Analysis of Variance Assignment
Post the syntax to your private GitHub repository used to run an ANOVA along with corresponding output and a few sentences of interpretation. You will need to analyze and interpret post hoc paired comparisons in instances where your original statistical test was significant, and you were examining more than two groups (i.e. more than two levels of a categorical, explanatory variable).
Example of how to write results for ANOVA:
MEANS <- tapply(nesarc$DailyCigsSmoked, list(nesarc$TobaccoDependence), mean, na.rm = TRUE)
MEANS
No Nicotine Dependence Nicotine Dependence
11.41393 14.62782
SD <- tapply(nesarc$DailyCigsSmoked, list(nesarc$TobaccoDependence), sd, na.rm = TRUE)
SD
No Nicotine Dependence Nicotine Dependence
7.427612 9.152854
RES <- summary(aov(DailyCigsSmoked ~ TobaccoDependence, data = nesarc))
RES
Df Sum Sq Mean Sq F value Pr(>F)
TobaccoDependence 1 3241 3241 44.68 3.42e-11 ***
Residuals 1313 95236 73
---
Signif. codes: 0 '***' 0.001 '**' 0.01 '*' 0.05 '.' 0.1 ' ' 1
5 observations deleted due to missingness
When examining the association between current number of cigarettes smoked (quantitative response) and past year nicotine dependence (categorical explanatory), an Analysis of Variance (ANOVA) revealed that among daily, young adult smokers (my sample), those with nicotine dependence reported smoking significantly more cigarettes per day (Mean = 14.6, s.d. \(\pm\) 9.2) compared to those without nicotine dependence (Mean = 11.4, s.d. \(\pm\) 7.4), F(1, 1313) = 44.7, p < 0.0001.
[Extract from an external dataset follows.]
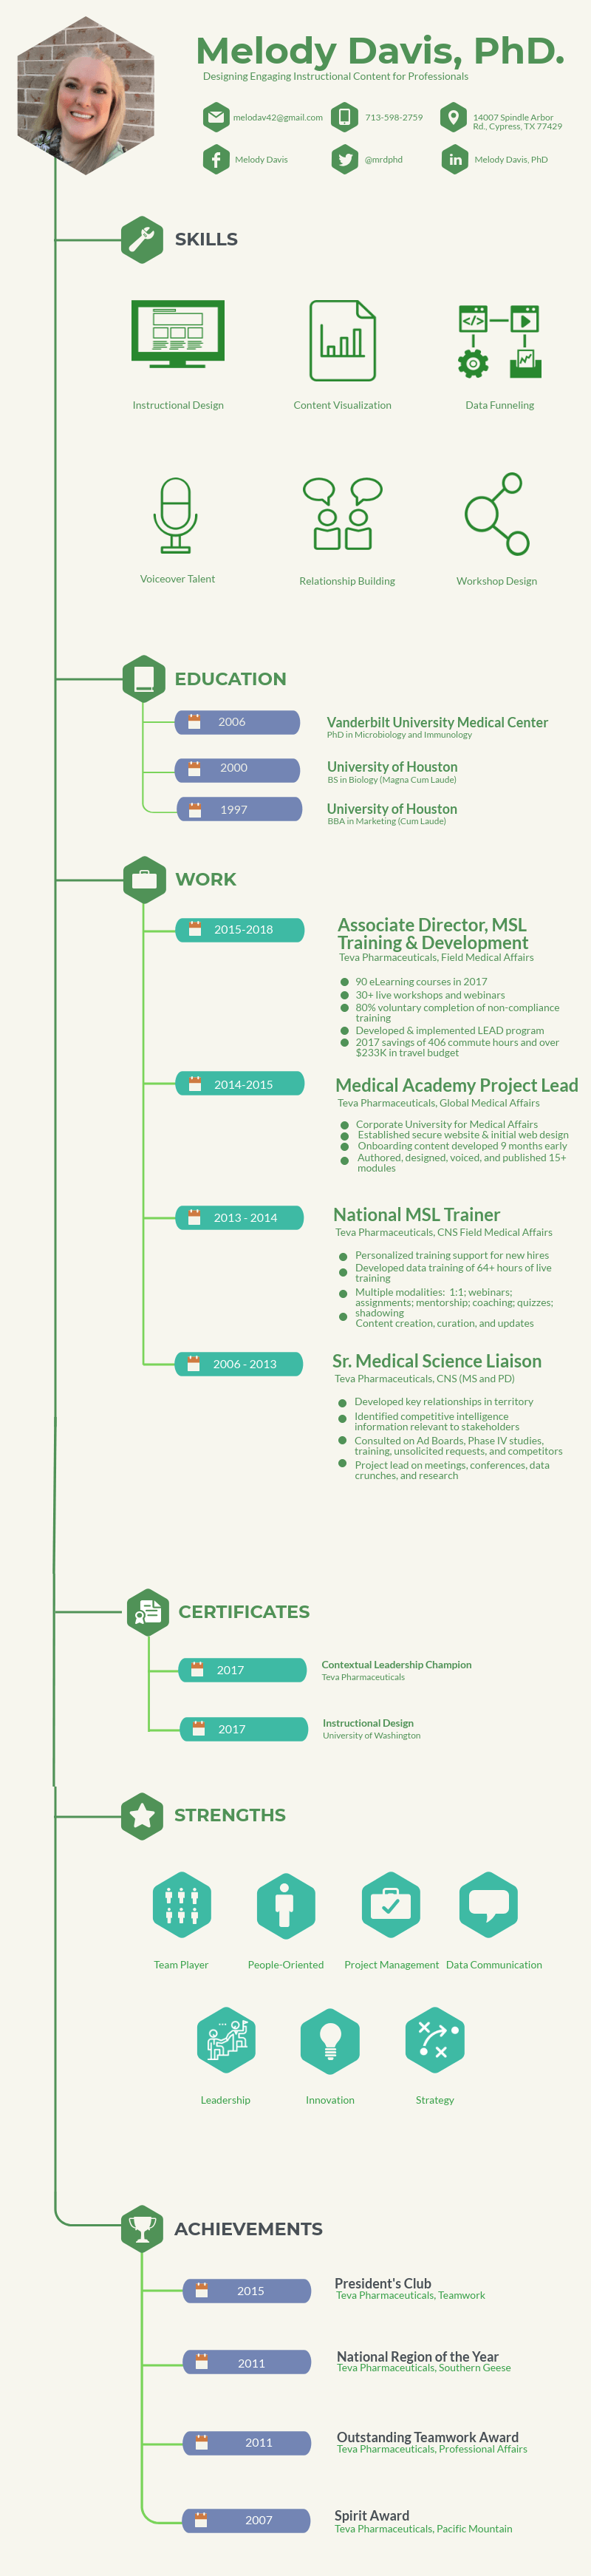 Infographic format of a resume for Melody Davis PhD

Example of how to write post hoc ANOVA results:
nesarc$DCScat <- cut(nesarc$DailyCigsSmoked, breaks = c(0, 5, 10, 15, 20, 98), include.lowest = FALSE)
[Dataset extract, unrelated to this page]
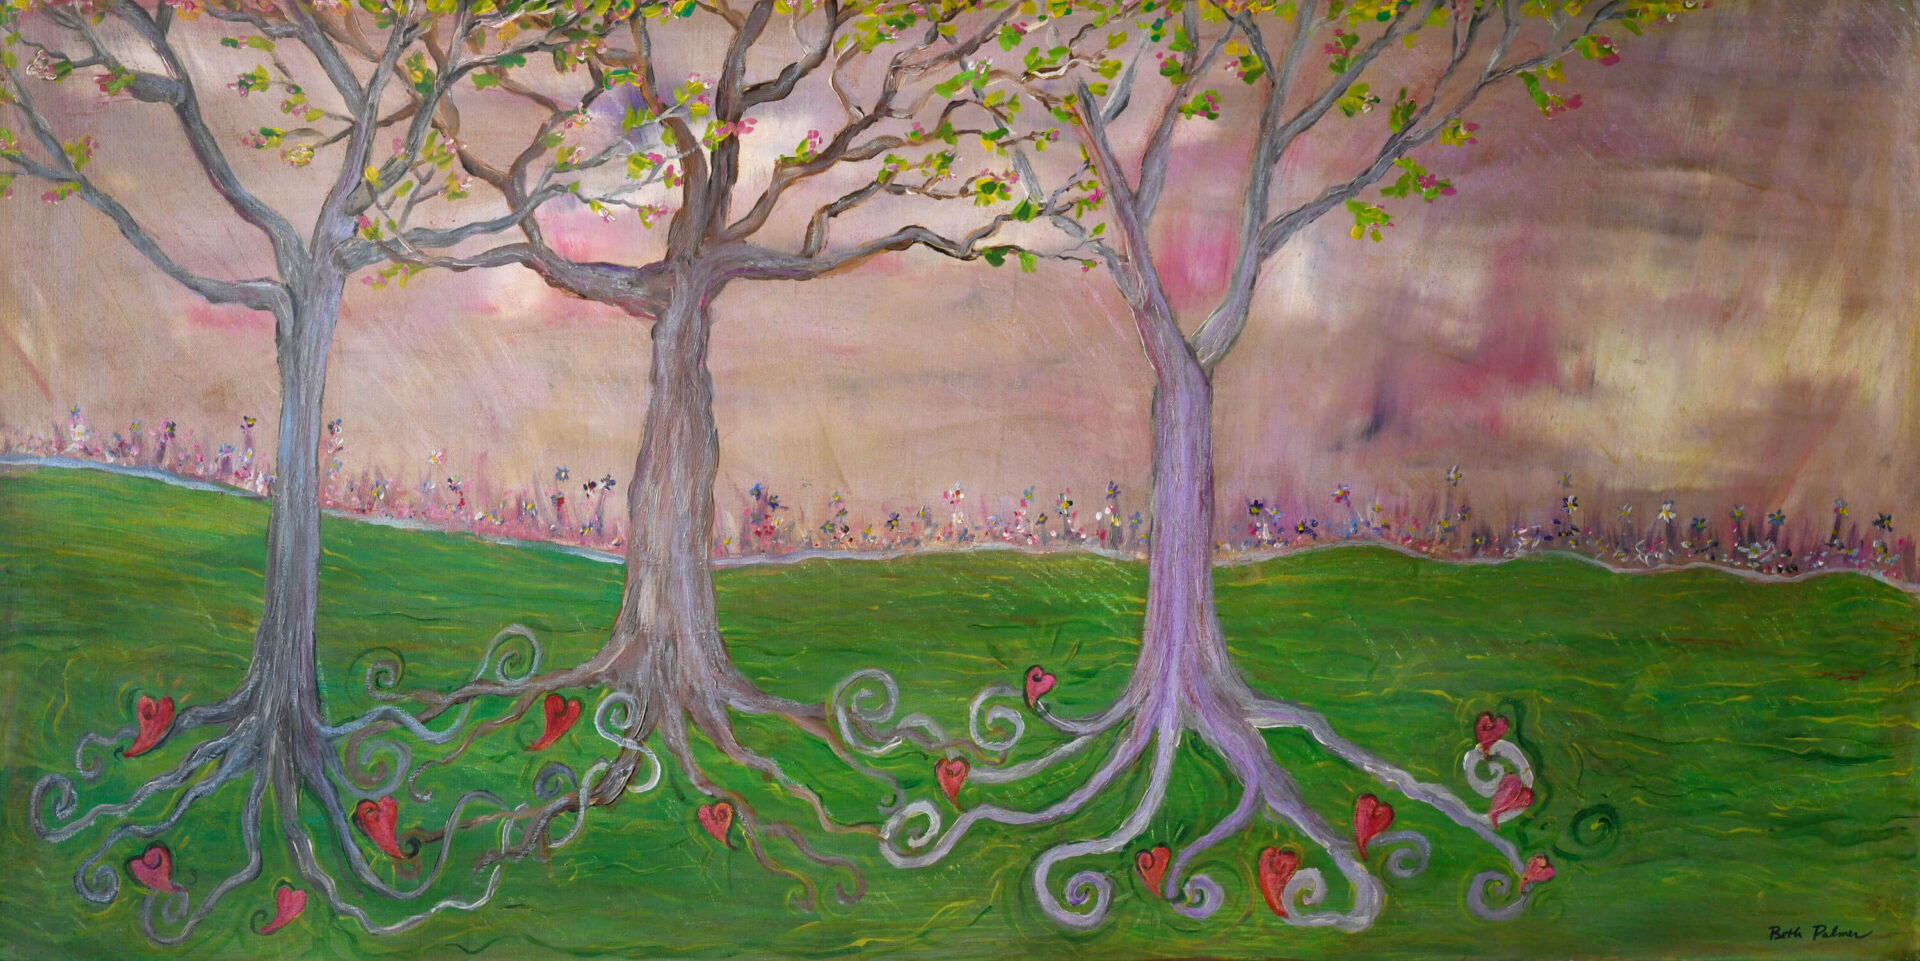 A Canvas painting of trees and flowers

mod <- aov(NumberNicotineSymptoms ~ DCScat, data = nesarc)
RES <- summary(mod)
RES
Df Sum Sq Mean Sq F value Pr(>F)
DCScat 4 22049 5512 31.95 <2e-16 ***
Residuals 1310 225997 173
---
Signif. codes: 0 '***' 0.001 '**' 0.01 '*' 0.05 '.' 0.1 ' ' 1
5 observations deleted due to missingness
tapply(nesarc$NumberNicotineSymptoms, nesarc$DCScat, mean)
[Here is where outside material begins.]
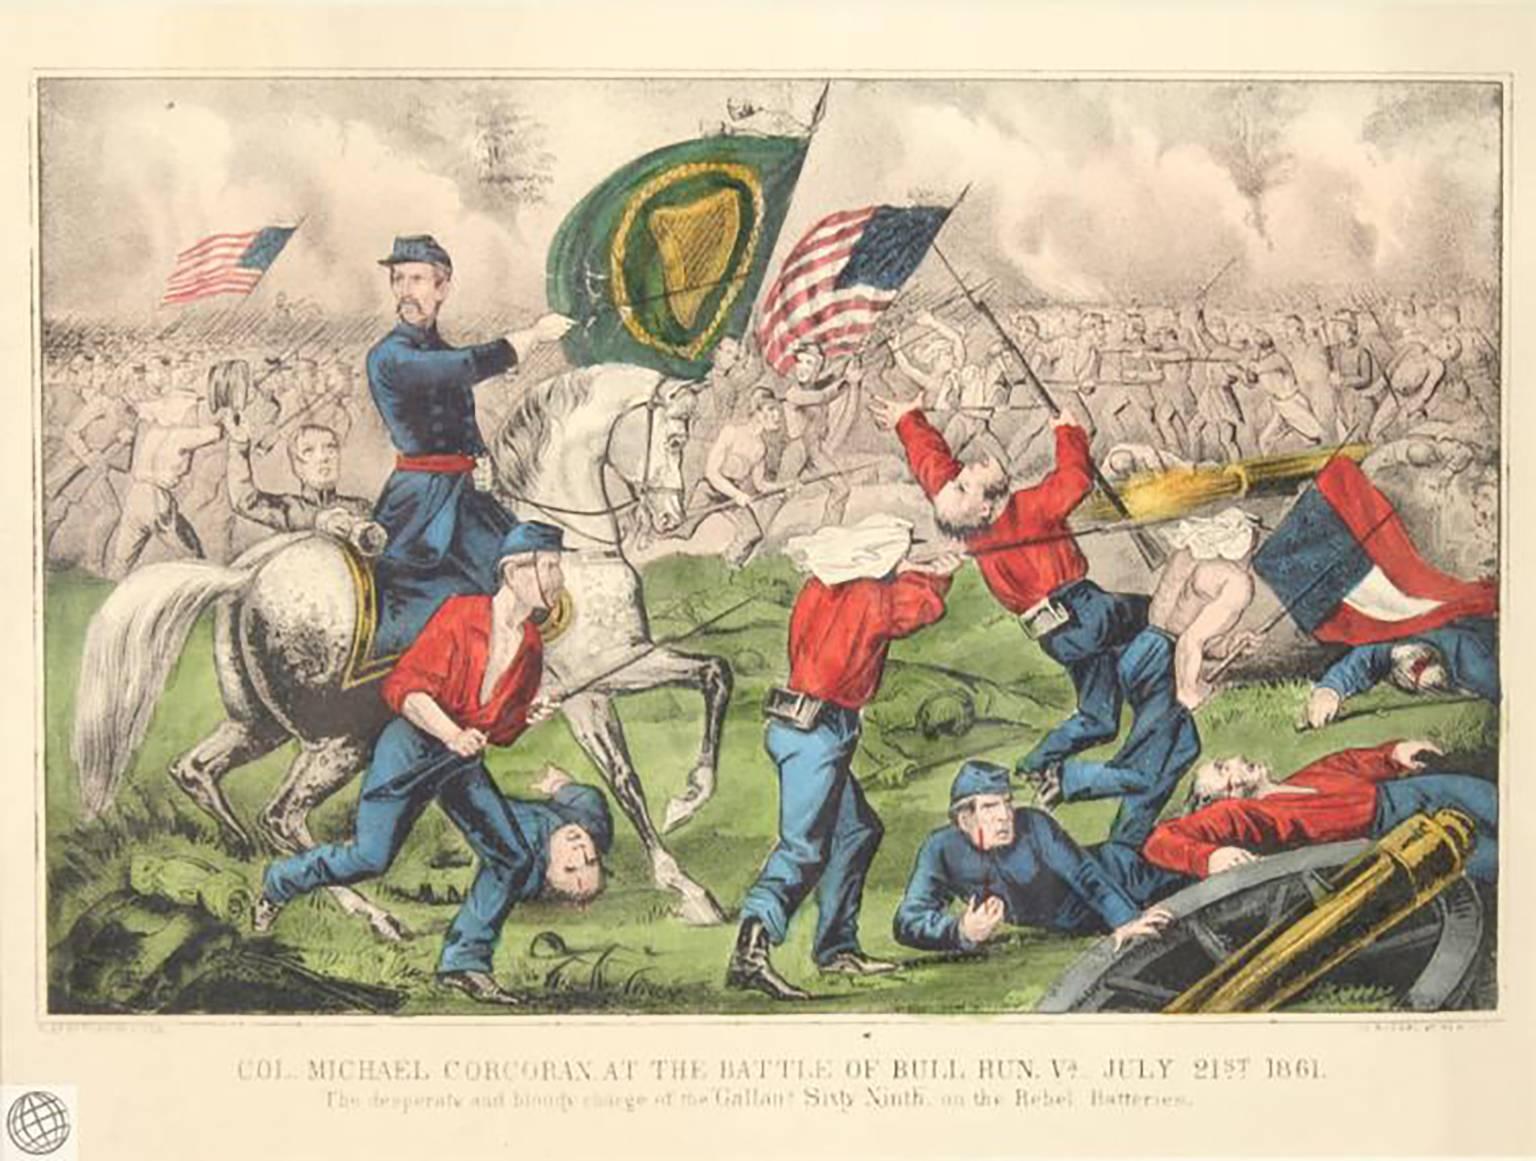 Extraordinary Antique Currier & Ives Hand Colored Civil War Lithograph  Entitled “Col. Michael Corcoran at the Battle of Bull Run, Va. – July 21st 1861 : The desperate and bloody charge of the ‘Gallant Sixty-Ninth,’ on the Rebel Batteries”  This is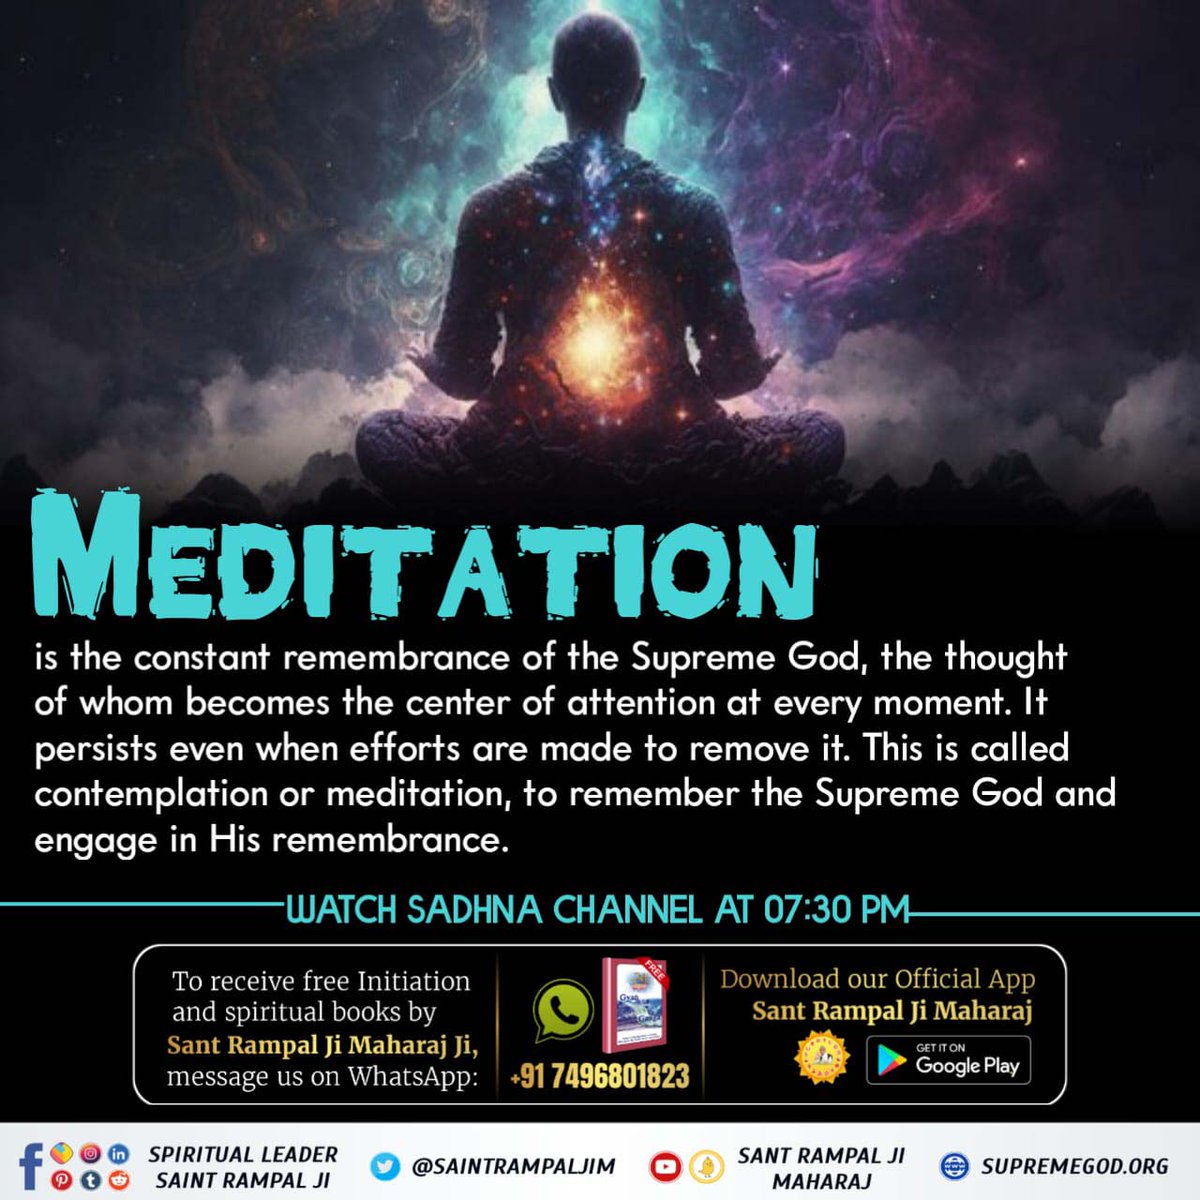 #What_Is_Meditation ? Meditation is the constant remembrance of the Supreme God, the thoughtof whom becomes the center of attention at every moment. Itpersists even when efforts are made to remove it. This is called meditation, to remember the Supreme God. Sant Rampal Ji Maharaj

(0,5] (5,10] (10,15] (15,20] (20,98]
13.37751 17.79874 22.90299 23.56522 26.04598
TukeyHSD(mod)
Tukey multiple comparisons of means
95% family-wise confidence level
Fit: aov(formula = NumberNicotineSymptoms ~ DCScat, data = nesarc)
$DCScat
diff lwr upr p adj
(5,10]-(0,5] 4.4212321 1.616191 7.226273 0.0001739
(10,15]-(0,5] 9.5254750 5.681531 13.369419 0.0000000
(15,20]-(0,5] 10.1877074 7.243633 13.131781 0.0000000
(20,98]-(0,5] 12.6684670 8.200190 17.136744 0.0000000
(10,15]-(5,10] 5.1042429 1.596411 8.612074 0.0007080
(15,20]-(5,10] 5.7664753 3.277188 8.255762 0.0000000
(20,98]-(5,10] 8.2472349 4.064595 12.429874 0.0000008
(15,20]-(10,15] 0.6622323 -2.957740 4.282205 0.9873982
(20,98]-(10,15] 3.1429919 -1.796859 8.082843 0.4109223
(20,98]-(15,20] 2.4807596 -1.796365 6.757884 0.5077204
opar <- par(no.readonly = TRUE)
par(mar = c(5.1, 8.1, 4.1, 2.1), las = 1) # Enlarge left margin
plot(TukeyHSD(mod))
par(opar)
ANOVA revealed that among daily, young adult smokers (my sample), number of cigarettes smoked per day (collapsed into 5 ordered categories, which is the categorical explanatory variable) and number of nicotine dependence symptoms (quantitative response variable) were significantly associated, F (4, 1310) = 31.95, p < 0.0001. Post hoc comparisons of mean number of nicotine dependence symptoms by pairs of cigarettes per day categories revealed that those individuals smoking more than 10 cigarettes per day (i.e. 11 to 15, 16 to 20 and >20) reported significantly more nicotine dependence symptoms compared to those smoking 10 or fewer cigarettes per day (i.e. 1 to 5 and 6 to 10 cigarettes per day).